Dziecko bawi się przy świecy: to, co się potem wydarzy, sprawi, że jego matka zacznie krzyczeć.
USA – Ach tak … Dzieci dają nam tak wiele. Ta matka z Stanów Zjednoczonych na przykład doprowadziła do półserca! Winna była sytuacja, w której jako widzowie musieliśmy po prostu wstrzymać oddech.
Na początku wszystko wydawało się zwykłym dniem w domu: matka Sarah Elise znajdowała się w kuchni ze swoim synem Carterem tuż przed tragedią.
Gdy Amerykanka stała przy zlewie i walczyła z górami naczyń, jej pociecha siedziała przy stole z pełną miską. Zamiast jeść, chłopiec wolał bawić się jedzeniem i podskakiwał na krześle. W ten sposób zbliżył się niebezpiecznie do zapalonej świecy.

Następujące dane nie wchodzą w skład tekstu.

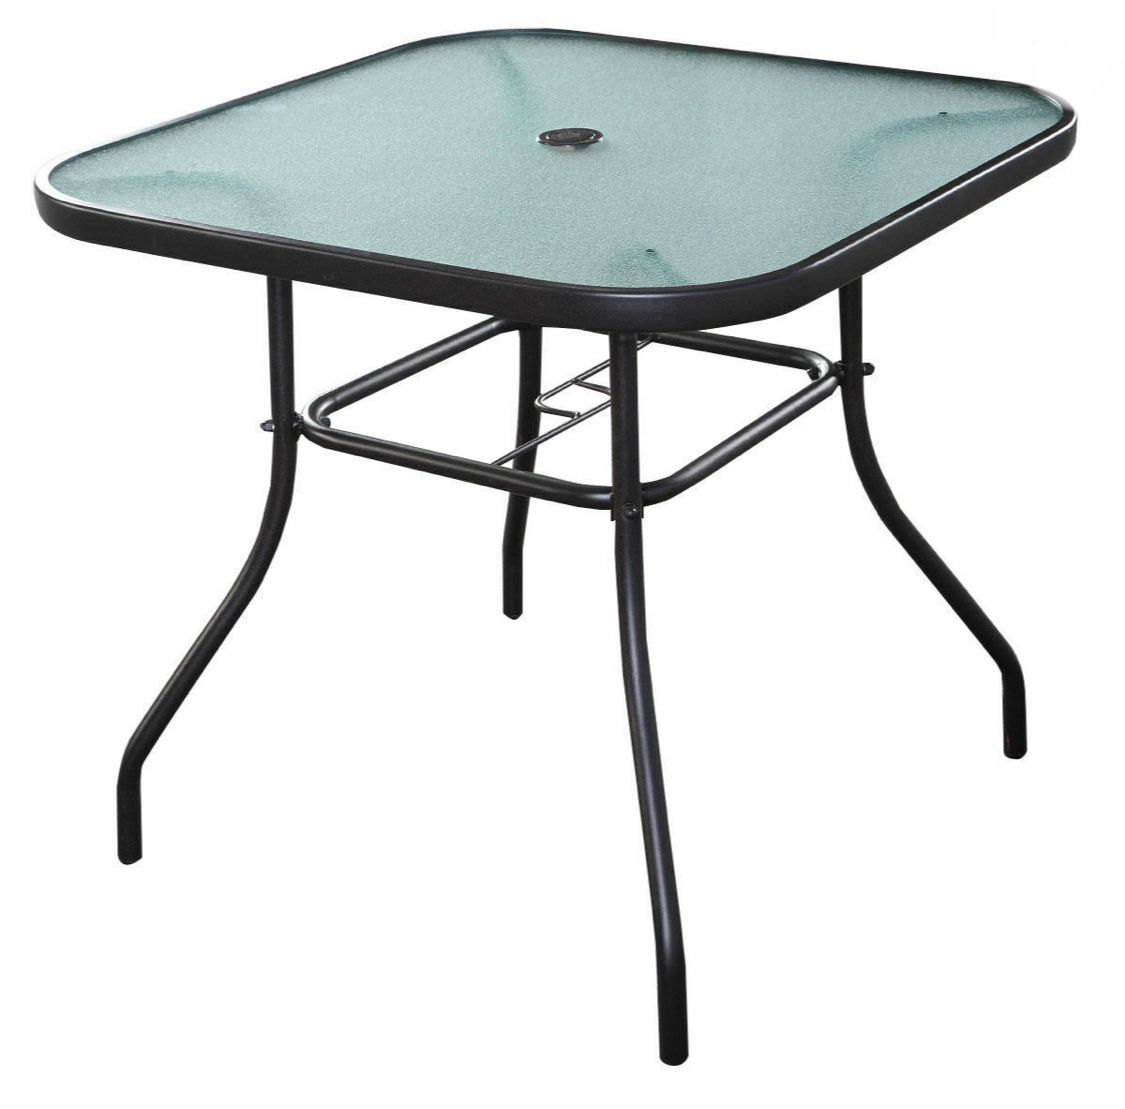 Costway HW 51791 Outdoor Square Patio Table - NEW IN BOX

W końcu nastąpiło nieuniknione, co uwieczniła kamera monitorująca w kuchni na filmie: gdy Carter pochylił się za bardzo nad stołem, jego blond włosy wpadły w mały płomień i częściowo się zapłonęły.
A chłopiec? Grał dalej zupełnie spokojnie, nie zauważając dramatu na swojej głowie. Również jego matka, mając na twarzy maskę pielęgnacyjną, łączyła swoją codzienną rutynę pielęgnacyjną z domowym chaosem, nieświadomie myjąc brudne naczynia.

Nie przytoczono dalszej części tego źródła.